Government pays Eastern Corridor contractors

Government pays Eastern Corridor contractors

President Nana Addo Dankwa Akufo-Addo has given the firm assurance that work on the Eastern Corridor roads will resume before the end of the year.

The President said the contractors working on the road had received some funding to enable them to go back to work.

The President gave the assurance yesterday at a durbar organised in his honour by the chiefs and people of Dzolokpuita, near Ho, as part of his tour of the Volta Region.

He said the payment was part of a backlog that had been paid to contractors working on roads across the 16 regions of the country.

Free Senior High School

Earlier in an interaction with members of staff and students of Mawuli Senior High School (SHS) in Ho on the second day of his two-day working visit to the region, President Akufo-Addo reiterated that the educational investment being made in Ghana’s children was vital for the future of the country.

He said the development of the country’s human capital was what would enable the country to transition from its current state into one of progress and prosperity, and thereby lift the standard of living of every Ghanaian.



The President indicated that prior to coming into office, an average of 100,000 children, annually, could not transition from junior high school (JHS) to SHS because of financial constraints.

“We couldn’t progress as a nation if we continue the haemorrhage of our human capital: 100,000 children, on the average every year for over 10 years, means one million young Ghanaians would grow up with the knowledge that they have at the JHS level and that’s it? There’s no way our future could be bright,” he said.

Changing direction

President Akufo-Addo said his administration took the decision “right from the beginning that we were going to change the direction of our country, we were going to change the educational policy of our country and bring in the Free Senior High School, so that those 100,000 that could not be captured in Senior High, now they are captured”.

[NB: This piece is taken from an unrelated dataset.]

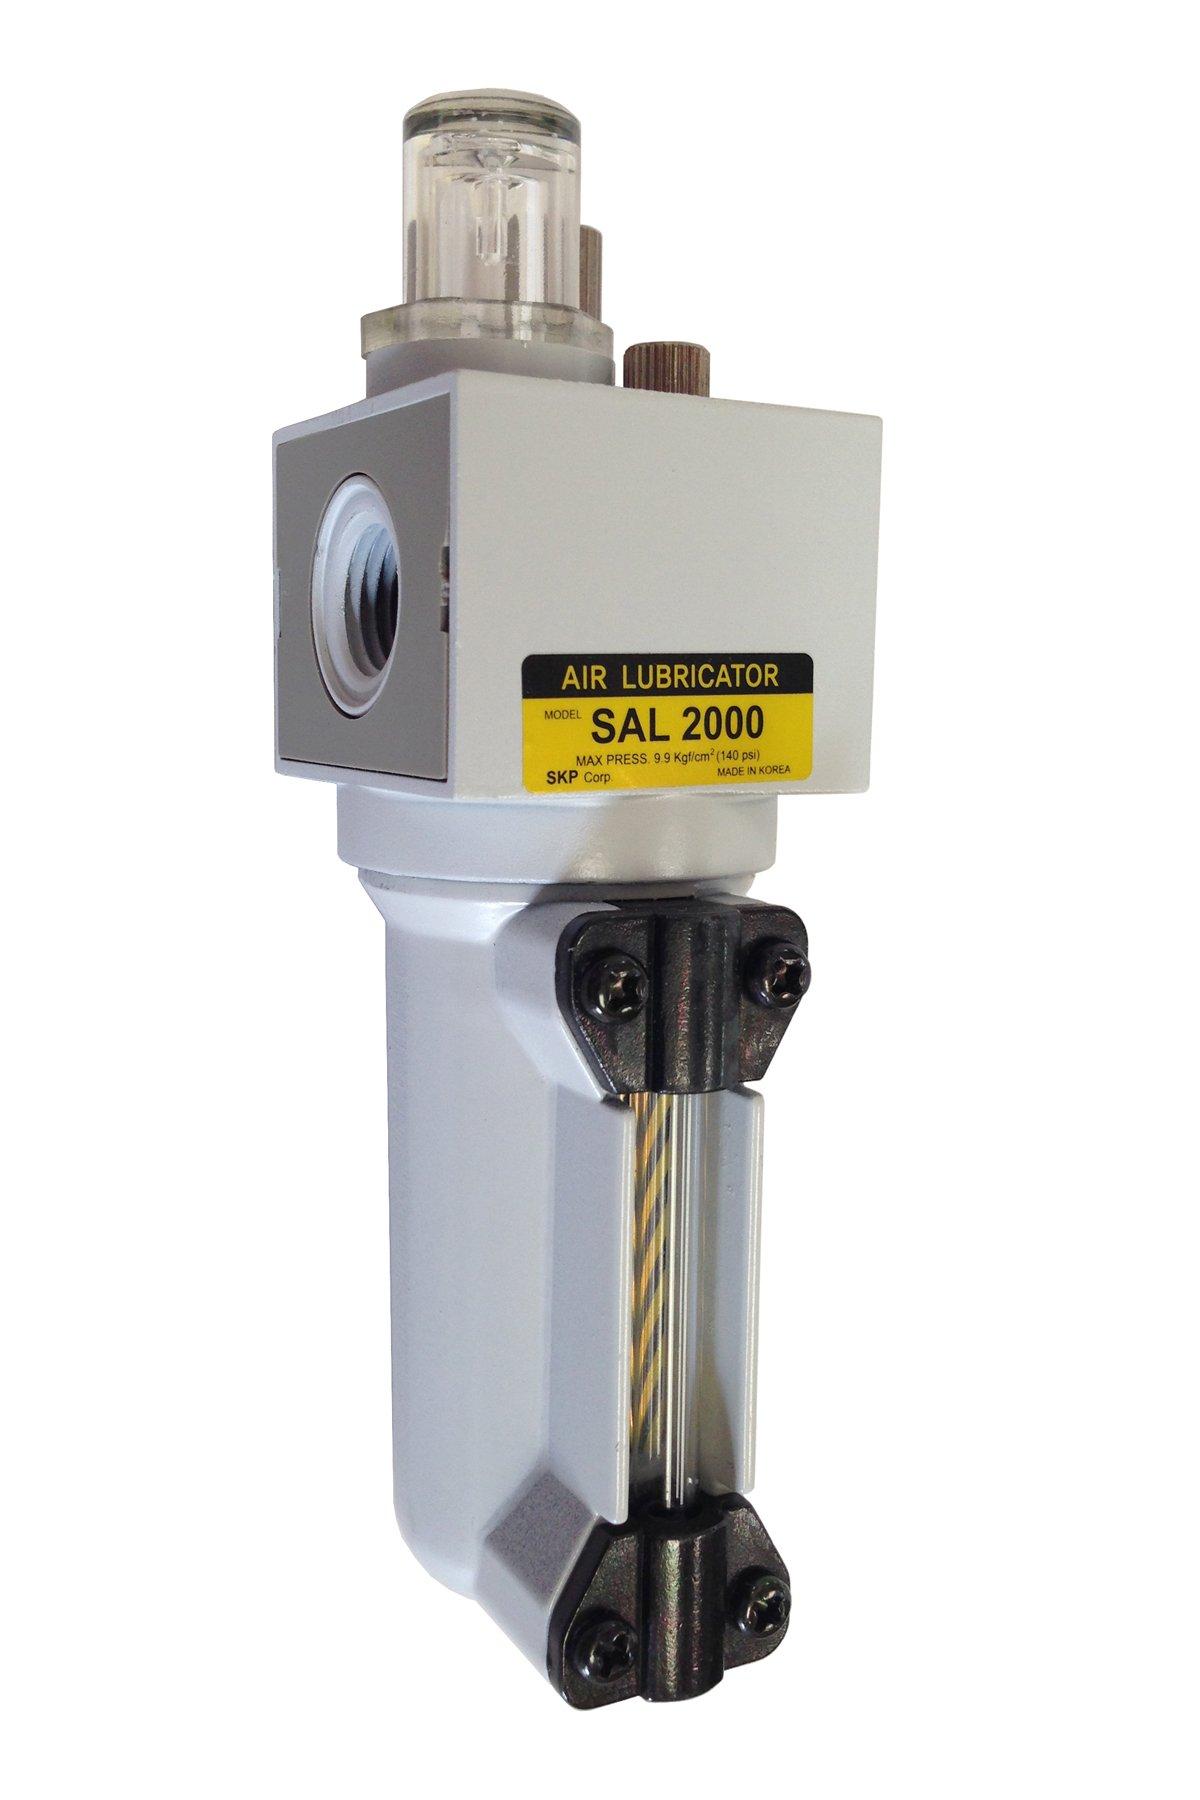 PneumaticPlus SAL2000M-N02B-MEP Miniature Compressed Air Lubricator 1/4'' NPT - Metal Bowl, Bracket
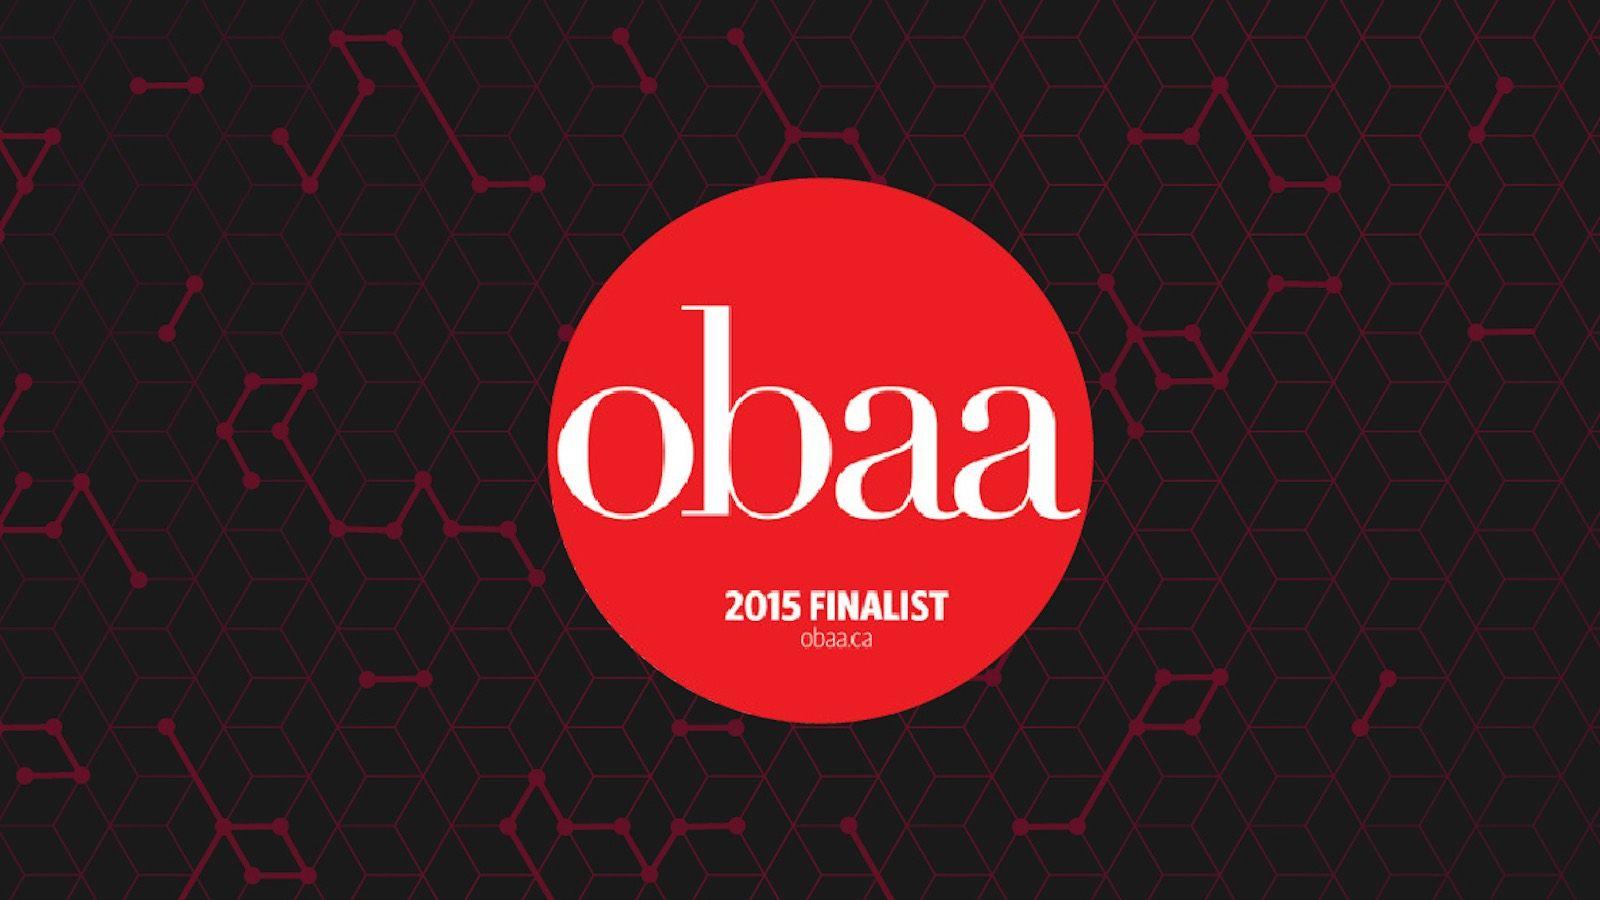 obaa 2015 finalist logo on black background

He added: “With 1.2 million students currently in SHSs across the country, 400,000 more than the total number of students enrolled before the onset of free SHS, this is the highest number of Ghanaian youths in SHS.”

Financing

Touching on the financing of the free SHS policy with the country’s oil revenues, he stated that: “I don’t have any regrets whatsoever about committing the oil revenues of our country to preparing our nation for the future. It is the best, most efficient, most equitable way all of us can participate in those revenues.”

President Akufo-Addo stressed that the oil revenues “are not there, sitting there, waiting for politicians like me to come and put their hands in oil revenues in their pockets, no. It is being used to prepare our nation for the future of our country. That’s the best way we can use the oil revenues.”

Knowledge and technology, according to the President, were what would determine the fate of nations in the 21st century.

“My modest contribution to the growth of Ghana is to make sure that we are not left out of the progress that is ahead of us in the 21st century,” he added.

Negative politics

President Akufo-Addo criticised politicians who felt that their political fortunes were threatened by the Free SHS.

He bemoaned the fact that “we have such politicians in Ghana. But that’s our lot. We will deal with it, that’s not a problem, we will deal with it.”

The President gave a warning for heads of SHSs and other principals who may want to undermine the Free SHS programme: “I can tell them that they will not succeed. They will not stand in the way of the future of our nation.”

Make use of Free SHS

The President urged the students of Mawuli SHS to make maximum use of their time in school, and equip themselves not only with classroom knowledge, but also with general knowledge.

With the first batch of Free SHS beneficiaries set to write the WASSCE next year, he said; “the eyes of the world will be on you. Make sure that you shame all the detractors of the Free Senior High School policy.

“ I am confident that the young men and women I see here in Mawuli are going to rise to the challenge and shame the people who said that Free Senior High School is not a good idea,” he told the students.